UK stocks have started the week on an even keel with the FTSE 100 and FTSE 250 drifting between small gains and losses. Volumes are little thin since North American bond traders are off for Columbus Day in the United States and Thanks Giving in Canada.
It would be the fourth day running that the FTSE 100 fails to build on its fresh record high, but for now, the UK benchmark remains comfortably above the 7000 mark.
UK-listed firms with large foreign earnings continue to benefit from weakness in the British pound. A rebound in the price of gold is sending gold-miner Randgold (LON:RRS) to the top of the FTSE.
Banks are in the spotlight again, but for all the wrong reasons.
Deutsche Bank (DE:DBKGn) shares are down over 3% after chief executive John Cryan coming away empty handed from his meetings with Department Justice over his bank’s potential $14bn fine. It was always going to be a tall order to come away with a deal that quickly, especially when the focus was with the World Bank and IMF.
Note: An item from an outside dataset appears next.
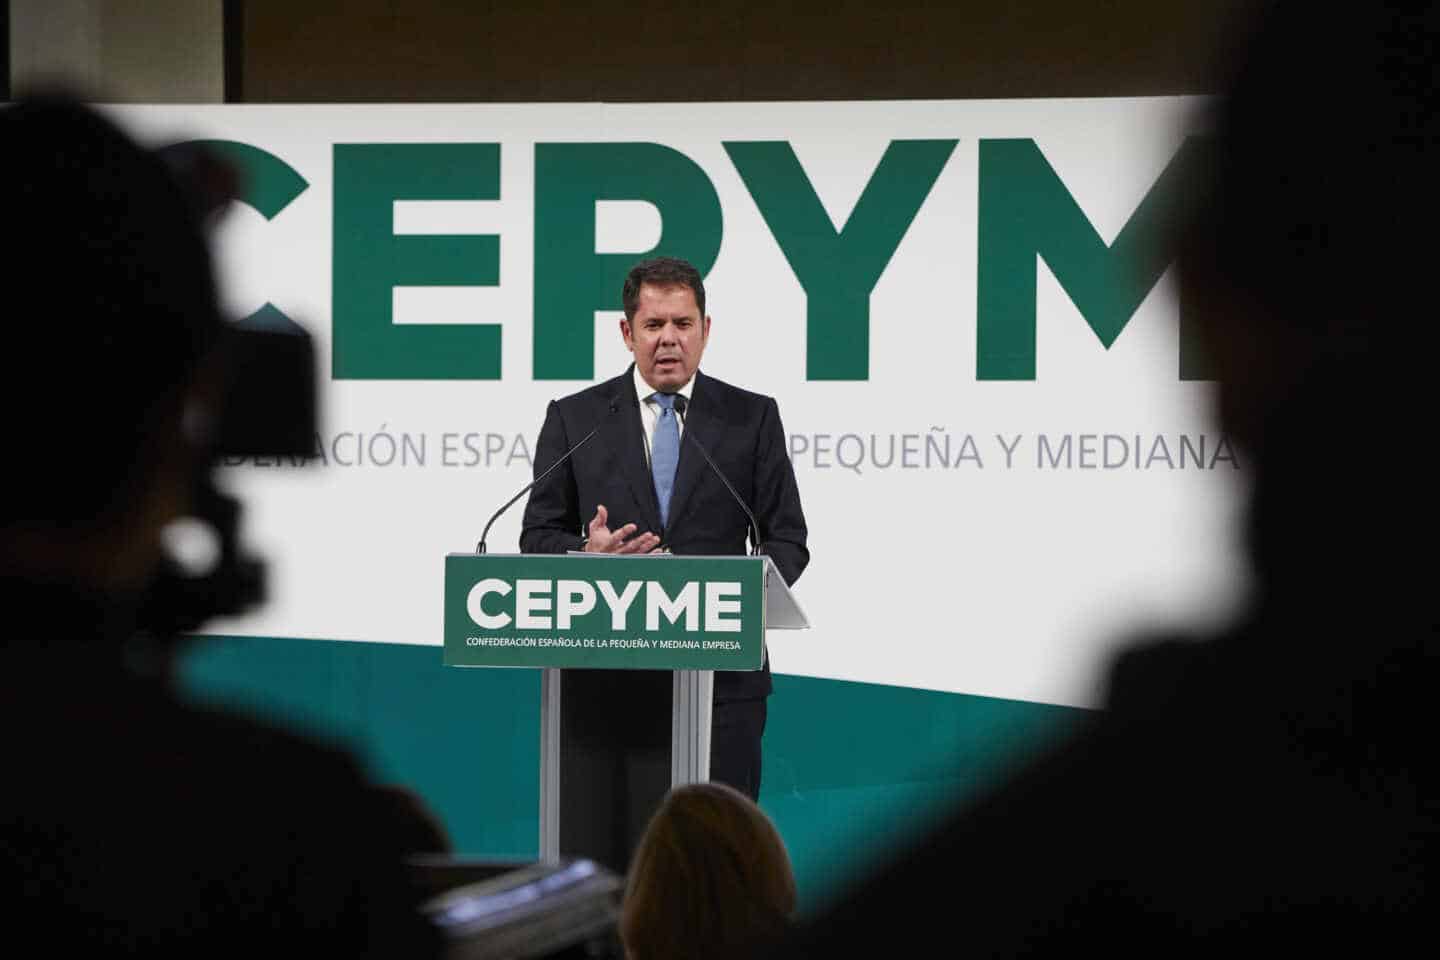 Gerardo Cuerva, presidente de Cepyme.

Shares Royal Bank of Scotland (LON:RBS), Lloyds (LON:LLOY) and Barclays (LON:BARC) are propping up the FTSE 100 with declines in excess of 2%. Leaked documents from RBS appear to confirm accusations made three years ago that the bank deliberately “squeezed” struggling businesses to benefit from selling off the assets when they failed. It’s another egg-on-face moment for a bank that has struggled to brush off the band image and poor decision-making that led to a taxpayer bailout.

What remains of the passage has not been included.